Before investigating, check the R environment.
print(sessionInfo())
## R version 3.2.2 (2015-08-14)
## Platform: x86_64-apple-darwin13.4.0 (64-bit)
## Running under: OS X 10.10.5 (Yosemite)
##
## locale:
## [1] en_US.UTF-8/en_US.UTF-8/en_US.UTF-8/C/en_US.UTF-8/en_US.UTF-8
##
## attached base packages:
## [1] stats graphics grDevices utils datasets methods base
##
## loaded via a namespace (and not attached):
## [1] magrittr_1.5 formatR_1.2.1 tools_3.2.2 htmltools_0.2.6
## [5] yaml_2.1.13 stringi_0.5-5 rmarkdown_0.8 knitr_1.11
## [9] stringr_1.0.0 digest_0.6.8 evaluate_0.7.2
For grouping and summarizing, I will use dplyr
pacakge.
library(dplyr)
##
## Attaching package: 'dplyr'
##
## The following objects are masked from 'package:stats':
##
## filter, lag
##
## The following objects are masked from 'package:base':
##
## intersect, setdiff, setequal, union
Download compressed file containing Storm Data from the internet, unzip the file and load data into R. Strip leading and trailing white space in the data as it is read into R.

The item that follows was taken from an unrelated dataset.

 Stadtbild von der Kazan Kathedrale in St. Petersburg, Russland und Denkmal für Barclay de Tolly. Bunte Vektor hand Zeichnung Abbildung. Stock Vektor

download.file("https://d396qusza40orc.cloudfront.net/repdata%2Fdata%2FStormData.csv.bz2", "dataset.zip")
dataset <- read.csv(bzfile("dataset.zip"), header = TRUE)
dim(dataset)
## [1] 902297 37
names(dataset)
## [1] "STATE__" "BGN_DATE" "BGN_TIME" "TIME_ZONE" "COUNTY"

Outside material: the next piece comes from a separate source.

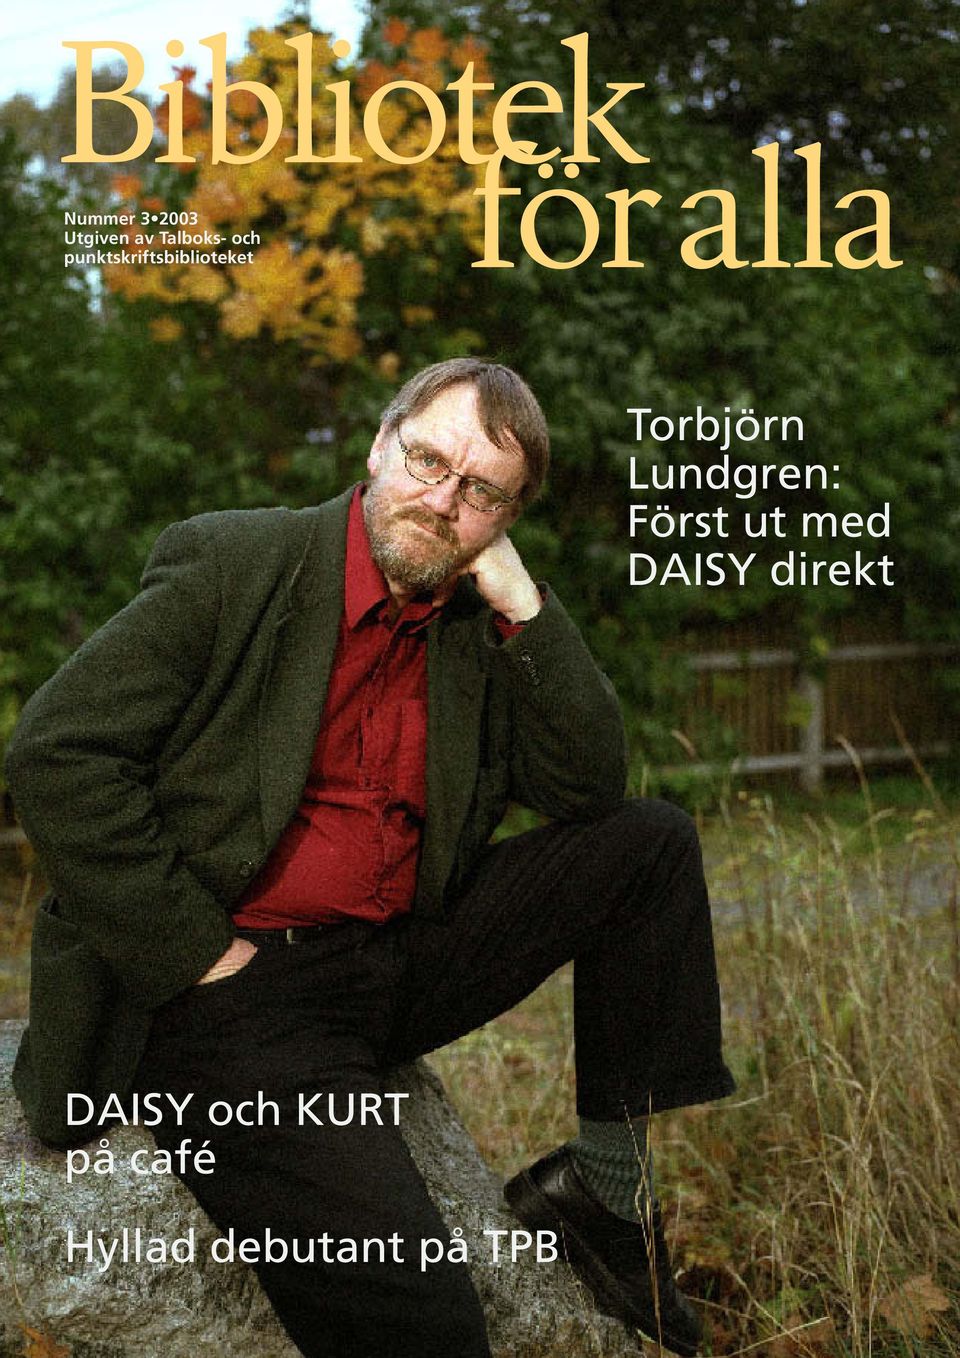 Torbjörn Lundgren: Först ut med DAISY

## [6] "COUNTYNAME" "STATE" "EVTYPE" "BGN_RANGE" "BGN_AZI"
## [11] "BGN_LOCATI" "END_DATE" "END_TIME" "COUNTY_END" "COUNTYENDN"
## [16] "END_RANGE" "END_AZI" "END_LOCATI" "LENGTH" "WIDTH"
## [21] "F" "MAG" "FATALITIES" "INJURIES" "PROPDMG"
## [26] "PROPDMGEXP" "CROPDMG" "CROPDMGEXP" "WFO" "STATEOFFIC"
## [31] "ZONENAMES" "LATITUDE" "LONGITUDE" "LATITUDE_E" "LONGITUDE_"
## [36] "REMARKS" "REFNUM"
From the columns names, it is needed to focus EVTYPE
, FATALITIES
, INJURIES
, CROPDMG
, and PROPDMG
. FATALITIES
and INJUIRES
represent an effect to health, and CROPDMG
and PROPDMG
can be used as an effect to economic.
q1.df <- dataset %>% group_by(EVTYPE) %>%
summarise(fatalities = sum(FATALITIES), injuries = sum(INJURIES)) %>%
mutate(harmfulness = fatalities + injuries) %>% arrange(desc(harmfulness))
head(q1.df, 5)
## Source: local data frame [5 x 4]
##
## EVTYPE fatalities injuries harmfulness
## 1 TORNADO 5633 91346 96979
## 2 EXCESSIVE HEAT 1903 6525 8428
## 3 TSTM WIND 504 6957 7461
## 4 FLOOD 470 6789 7259
## 5 LIGHTNING 816 5230 6046
barplot(q1.df$harmfulness[1:5], names.arg = q1.df$EVTYPE[1:5],
xlab = "Event Type", ylab = "Fatalities + Injuries(person)",
main = "Top 5 Most Harmful Storm Events (Health)")
q2.df <- dataset %>% group_by(EVTYPE) %>%
summarise(crop = sum(CROPDMG), property = sum(PROPDMG)) %>%
mutate(econ_dmg = crop + property) %>% arrange(desc(econ_dmg))
head(q2.df, 5)
## Source: local data frame [5 x 4]
##
## EVTYPE crop property econ_dmg
## 1 TORNADO 100018.5 3212258.2 3312277
## 2 FLASH FLOOD 179200.5 1420124.6 1599325
## 3 TSTM WIND 109202.6 1335965.6 1445168
## 4 HAIL 579596.3 688693.4 1268290
## 5 FLOOD 168037.9 899938.5 1067976
barplot(q2.df$econ_dmg[1:5], names.arg = q1.df$EVTYPE[1:5],
xlab = "Event Type", ylab = "Crop + Property($)",
main = "Top 5 Most Harmful Storm Events (Economic)")
From the above figure, we can find that tornado is the most hamful storm events to economic also.